Por una parte, tengo ganas. Me costó la vida conseguir vacaciones, porque sigo trabajando en el hospital en el que comencé mi carrera, ahora como residente, y las exigencias de mi abuelo siguen siendo las mismas, si no más. Lejos de mimarme, me exige un nivel de concentración y compromiso tal que a menudo he soportado discusiones entre mi padre y él. En realidad, no me importa, quiero ser un buen cirujano y para eso necesito trabajar y aprender todo lo posible, aunque ya me quede poco como residente. Como he dicho, mi abuelo ya está jubilado, pero aún sigue siendo uno de los mejores médicos que he conocido.

El caso es que tengo ganas de volver a recorrer los pasillos del hospital, aunque las guardias me destrocen, pero por otro lado... voy a echar mucho de menos esto. En Los Ángeles tenemos playa, pero no es lo mismo.

Allí, cuando me levanto, no me siento tan animado como aquí, porque sé que mis amigos de la infancia, a los que considero familia, están a unos bungalows de distancia. Echaré de menos jugar al baloncesto con Óscar, mi mejor amigo, hacer surf con su hermana pequeña, Valentina, o salir de fiesta con todos los hijos de los León y agregados, que así es como llamamos a la familia que forma parte de la nuestra desde hace años.

Cuando los que consideras parte de ti viven tan lejos, aprendes a exprimir al máximo cada segundo con ellos, pero eso no hace que las despedidas sean menos amargas.

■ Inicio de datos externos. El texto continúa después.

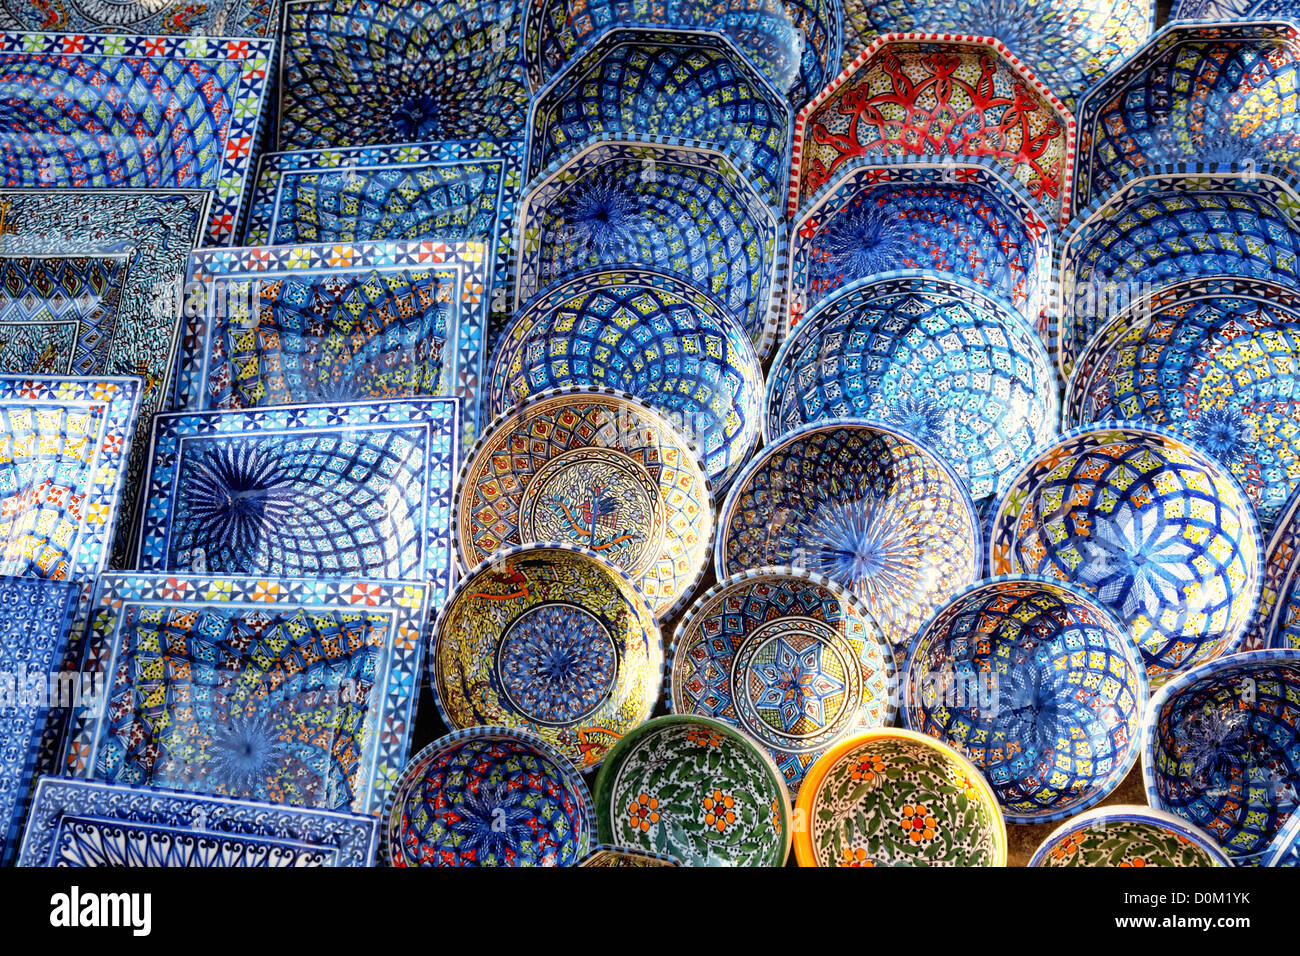 Recuerdo multicolor loza en el mercado tunecino, Sidi Bou Said, Túnez Foto de stock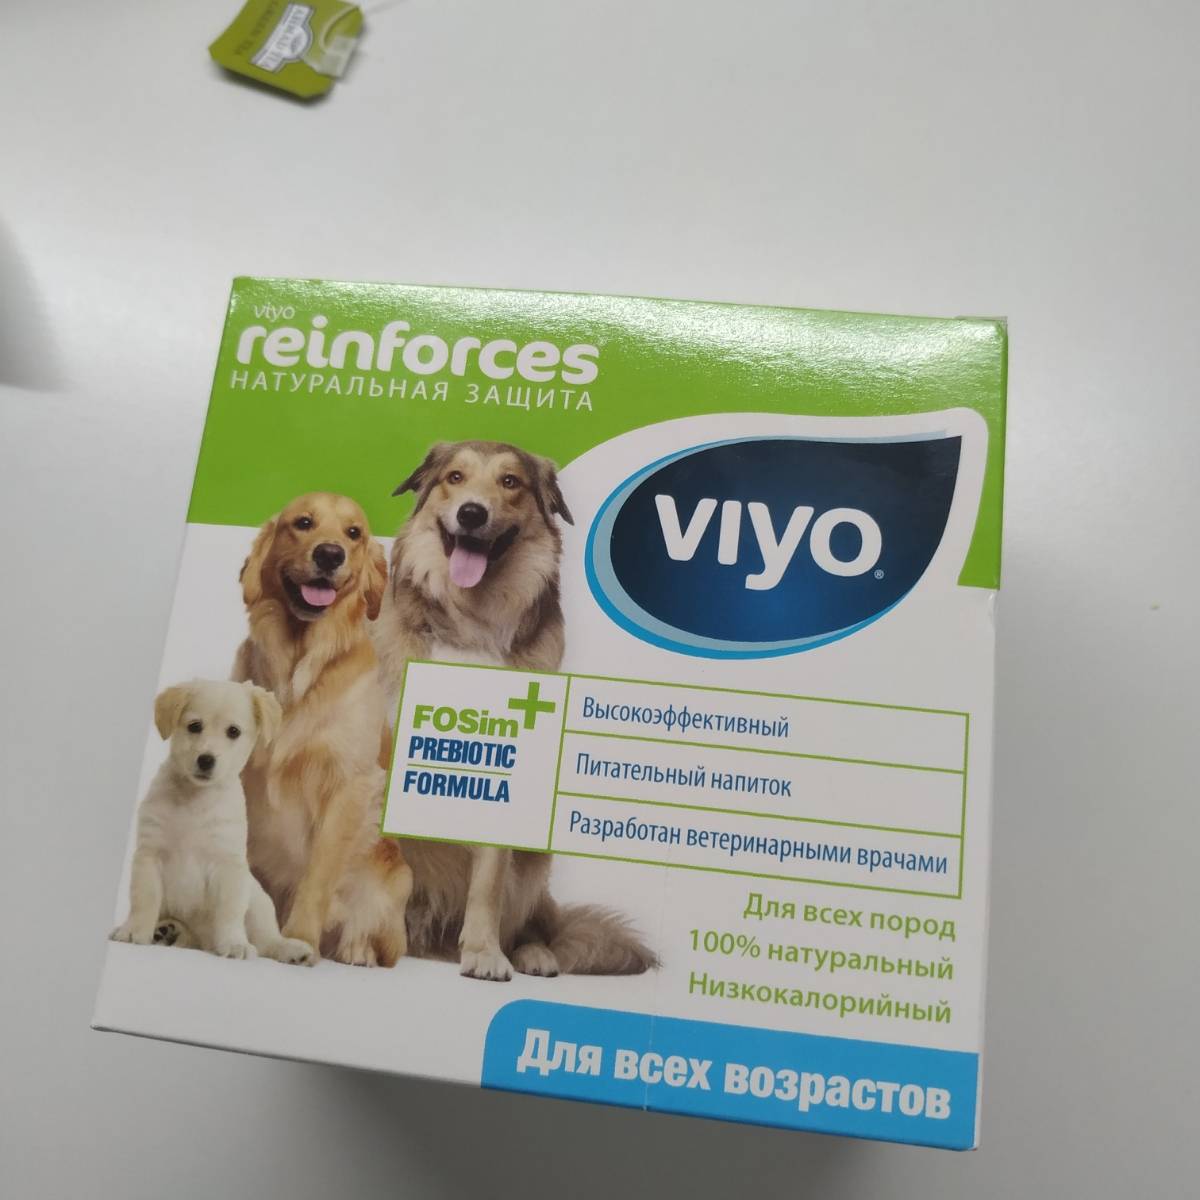 Viyo для кошек: инструкция, fosim prebiotic formula

Además, son mucho más tristes desde que Vic, mi cuñada, regresa con nosotros y se deja aquí a su familia. Por lo general, el vuelo de vuelta es un infierno para ella. Se lo pasa llorando con disimulo y dejándose mimar por Adam o intentando dormir y relajarse; desde que empezó a tener ataques de pánico, volar no es lo que más le gusta. Y eso que ya está mejor, porque lleva un año yendo a terapia, pero, bueno..., entiendo que sea difícil.

Yo no puedo siquiera imaginar cómo sería abandonar mi casa, a mis padres y a mis hermanos para ir a un país distinto, por muy enamorado que estuviese. Pese a ser el más serio de los cuatro, estoy muy apegado a ellos y no puedo... tan solo no concibo separarme mucho tiempo de su lado.

Justo cuando estoy a punto de acabarme el café, se oye la puerta de entrada. Poco después, Ethan aparece en la cocina acompañado de nuestro hermano Adam, que además es su gemelo.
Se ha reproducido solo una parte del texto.